# Allergy Sufferers with Dogs



## nortknee (May 5, 2011)

Argh.

So, I'm one of those people who just randomly happened to have my allergies flair up this year like you wouldn't believe. The last two weeks have been a miserable experience, complete with trying just about every over-the-counter allergy medication in Walgreens.
Anyway, I called it quits and went to the doctor.

We did a scratch test for pretty much every allergen known to man (the panel was HUGE :twitch and the results were pretty much what I figured with one exception; I'm allergic to pet dander?!?! WHAT?!

I'm pretty shocked. I've been around dogs/animals alot and have never had any reaction...in my doctors opinion I'm "mild to moderate" severity, but "severely" allergic to tree and grass pollen...yaaaay.

Not getting a dog isn't an option for me. I've wanted a dog since I was 4. Ask my parents about my Christmas list every year.

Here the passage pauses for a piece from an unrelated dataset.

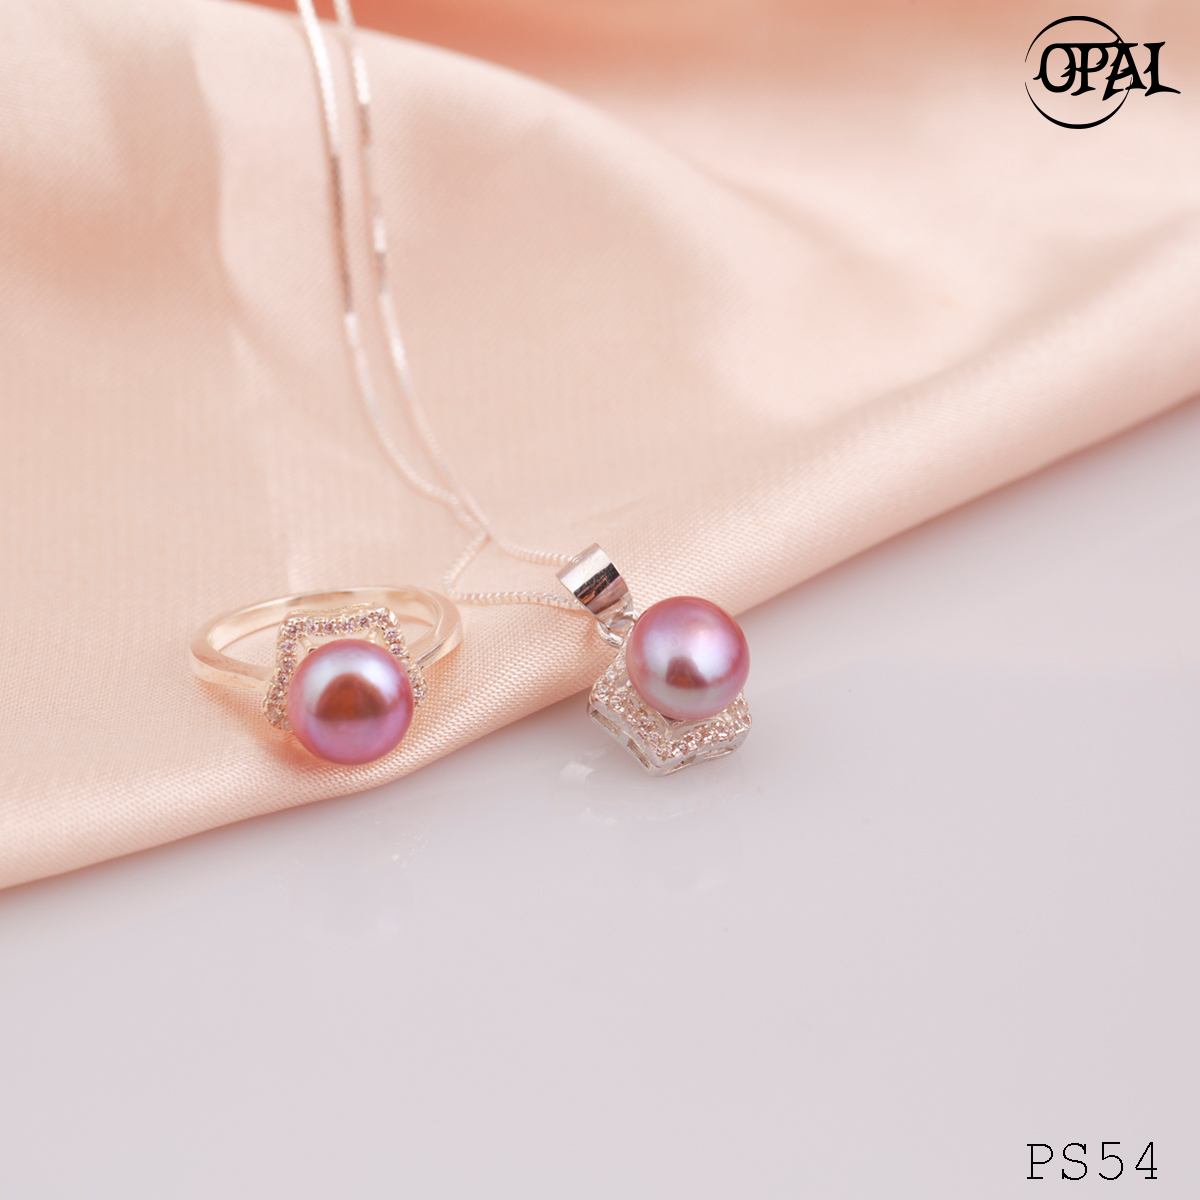  PS54-Bộ trang sức bạc đính ngọc trai OPAL 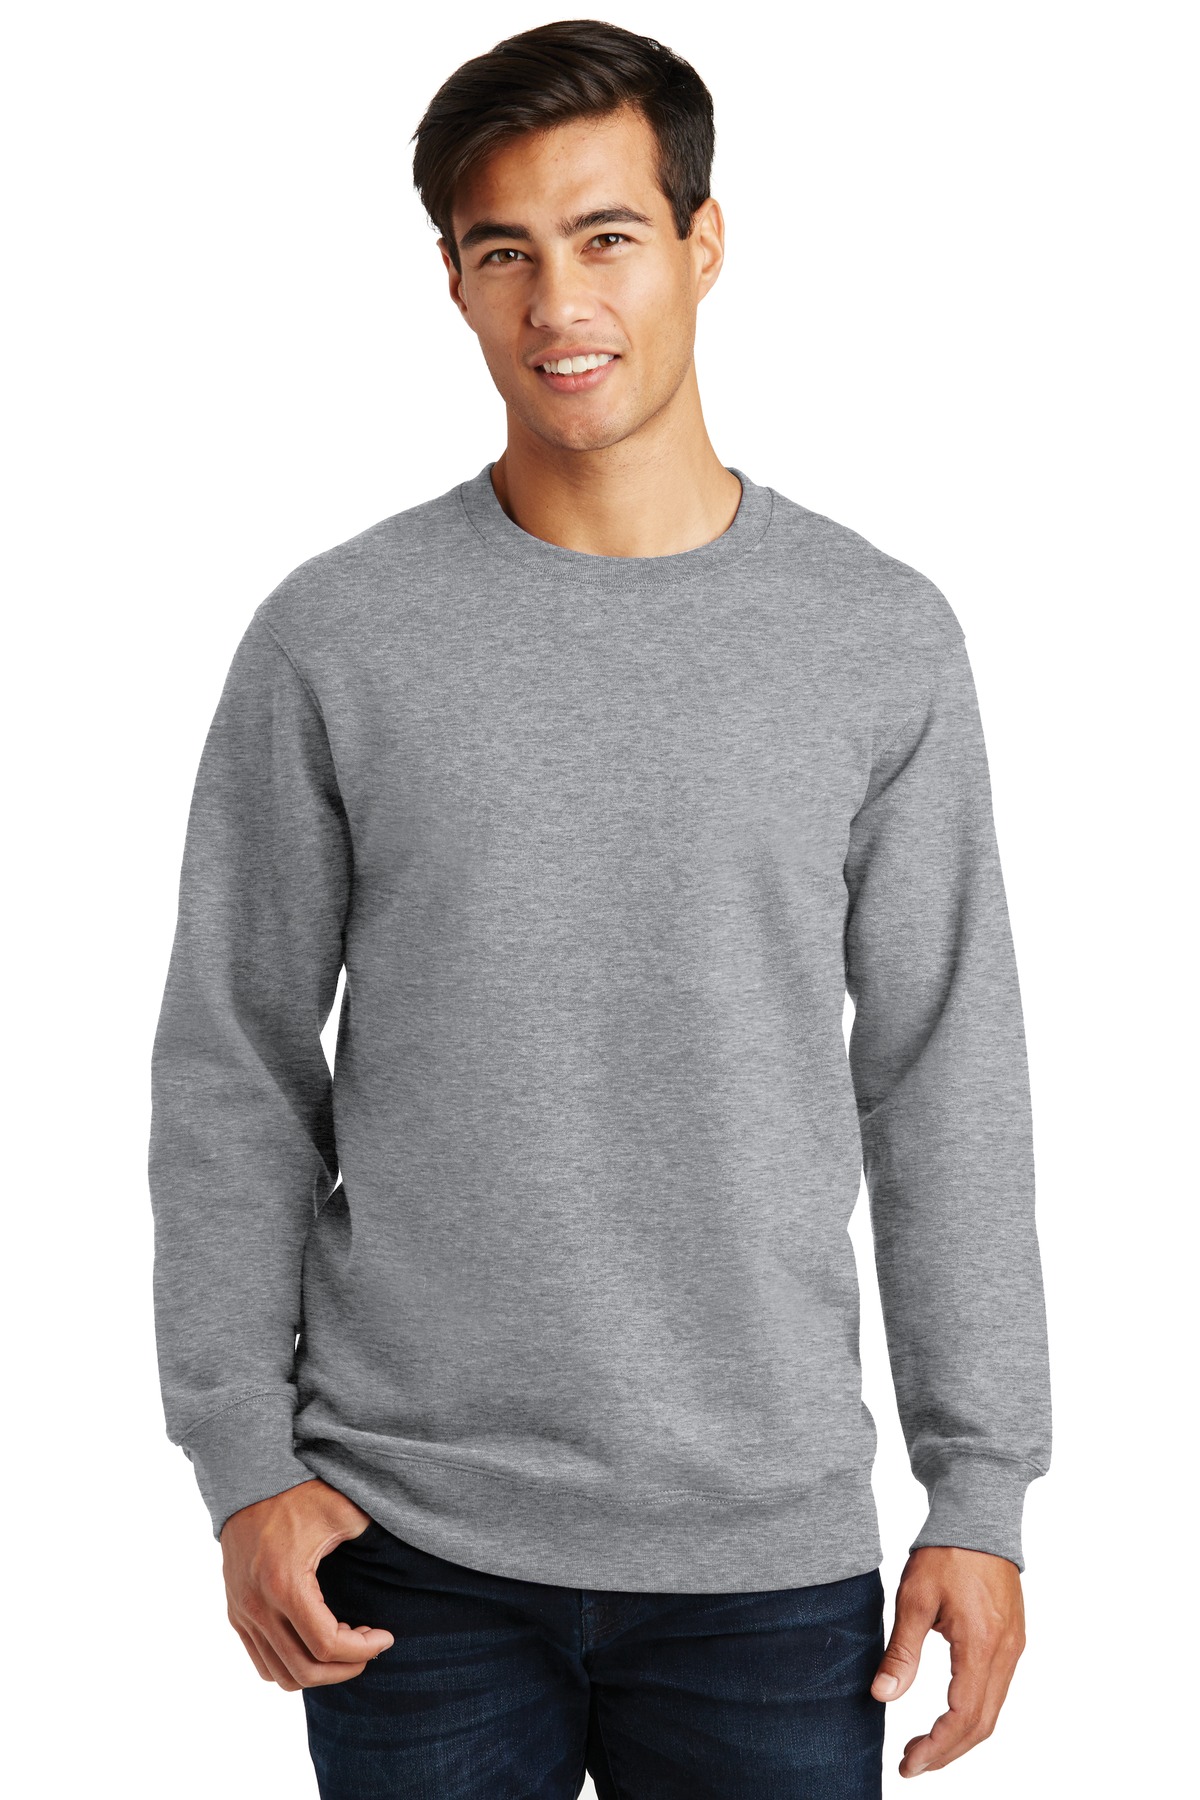 Port & Company Fan Favorite Fleece Crewneck Sweatshirt - PC850

So, my question is, how do you alleviate allergy symptoms that are caused by your dogs? Is there ANYTHING you can do to live peacefully with allergies AND have a dog? :Cry:


----------



## whiteleo (Sep 7, 2008)

You do the allergy shots to get you immune................


----------



## mischiefgrrl (Oct 28, 2010)

I have allergies that result in asthma attacks. While the allergy list includes pet dander and pollen - I find mold is the trigger. I clean a lot. Two dogs and two cats in my house. I vacuum every day, floors and furniture. Wash all bedding twice a week. Dust everything every weekend (especially fans) and steam clean every weekend. It seems like a lot but it's worth it. My work place is filled with dust and mold and I can't do anything about that so I take an airborne every day when I get to work to try to keep my immune system up. Claratin and Zyertec work really well for me for when the Santa Ana winds happen.


----------



## BrownieM (Aug 30, 2010)

Honestly? It depends on the severity of your own allergy symptoms. The best choice for your allergies? Don't get a dog. :wink: But, if you feel like you would be missing out in life by not owning a dog, and you are willing to have mild to moderate allergy symptoms as a trade-off, there are things you can do.

I'm one of these people who feels I would be seriously missing out in life by not having a dog. I have asthma, I'm severely allergic to dogs, and I still live with two standard poodles. :smile: I like medium to large dogs, and standard poodles are the only breed that have I have encountered thus far that only bother my allergies mildly to moderately. Now, this is even with multiple allergy medications. Although, like you, I am allergic to ALL trees and grass outside, so I'd pretty much have to take allergy meds. even if I didn't have dogs. 

Do you already have a dog or are you looking to get one? If you are looking for a dog, what you want to do is find a low dander breed. Typically, these will be non-shedding dogs as they retain their dander in their coat. Some breeds, like poodles, actually seem to have less dander overall. Owning a low dander/non-shedding breed does not guarantee you won't have allergy symptoms. You probably will still. But, you may find that over time your body becomes relatively adjusted to YOUR specific dog. Additionally, by bathing your dog every 7-14 days, you will GREATLY reduce your allergy symptoms. This is particularly helpful for someone who is allergic to everything outside, as your dog runs around in it. 

Good luck!


----------



## BrownieM (Aug 30, 2010)

whiteleo said:


> You do the allergy shots to get you immune................


This is not true for allergies to dog dander, though. Hopefully, in the future, effective allergy shots that can reduce dog dander allergies will exist. 

Allergy shots administered for other allergies (like mold, pollen, trees, etc.) can be effective for many people. This could possibly help you live with a dog because your body will be reacting to less total allergens. 

That being said, allergy shots do NOT work for everybody. They didn't work for me, and they didn't work for several other people I know.


----------



## nortknee (May 5, 2011)

whiteleo said:


> You do the allergy shots to get you immune................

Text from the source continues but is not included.